BF:  Not everyone loses weight from breastfeeding.  Sorry to break the news.  Not painful in an *Ouch* way, but more of a *Tear* way.  It is still the best for your baby, if you are able, but it did nothing for the weight loss for me.  Additionally, breastfeeding is supposed to help ward of that monthly visit from Aunt Flo.  Again, not for everyone.  Although for me it did help keep her from visiting as often. 

Jubblies:  Post breastfeeding boobs (especially if you've been working REALLY hard on losing the weight) are sort of deflated.  You may remember my blog Machine Gun Jubblies from back in December when I was bf-ing away and they were insanely INflated!  I made it almost four months with those outrageously inflated things.  But the stress of returning to work, pumping there, not producing enough, etc.is why I decided to quit.  That gave me the feeling of an insane amount of freedom that I will never forget.  But now they're just blah.  Is there no happy medium?

Luckily, I have a great friend who told me of many of these things.

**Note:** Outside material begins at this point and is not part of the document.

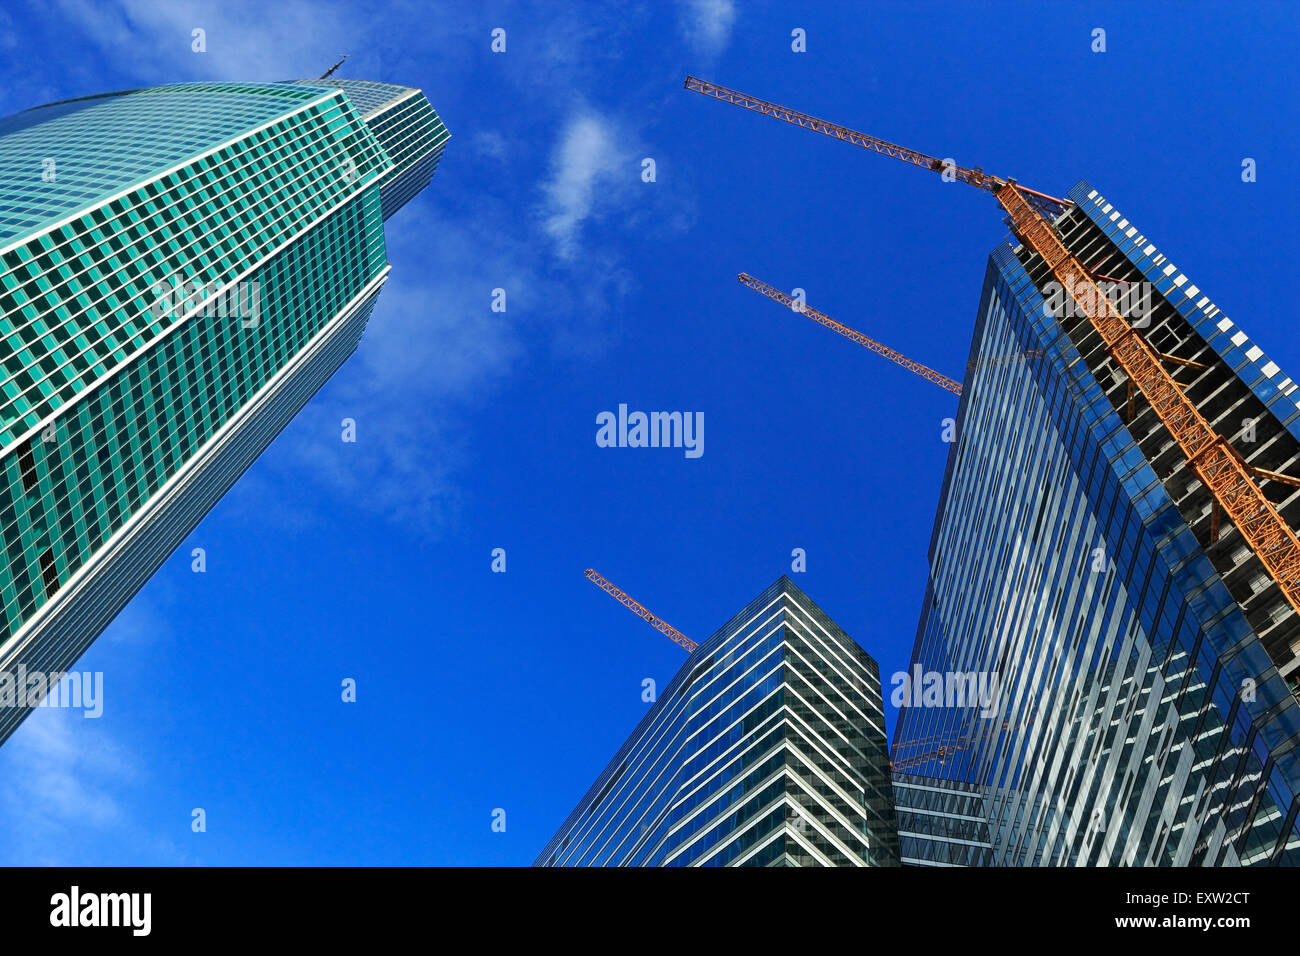 Uncompleted high-rise buildings with cranes against blue sky. Stock Photo

But I found it unusual that much of this isn't written about as often. Or if it is, it's sugar-coated.   

It's great being the mom, having the bonding time with your child while in the tummy (even those of us who did not care for pregnancy can find SOME things they did like about it) and already having that bond once they are out.  But EVERY woman has wished it all, or at least some, on her husband or significant other...I don't care who you are, at some point you will wish your husband/significant other could experience a fraction of a symptom, pain or SOMETHING during pregnancy, giving birth or recovery.  You can tell me this is untrue. But I will know you are lying.

C-section birthers, I'm curious to know your super gross & weird stuff.  Please feel free to comment with some of them.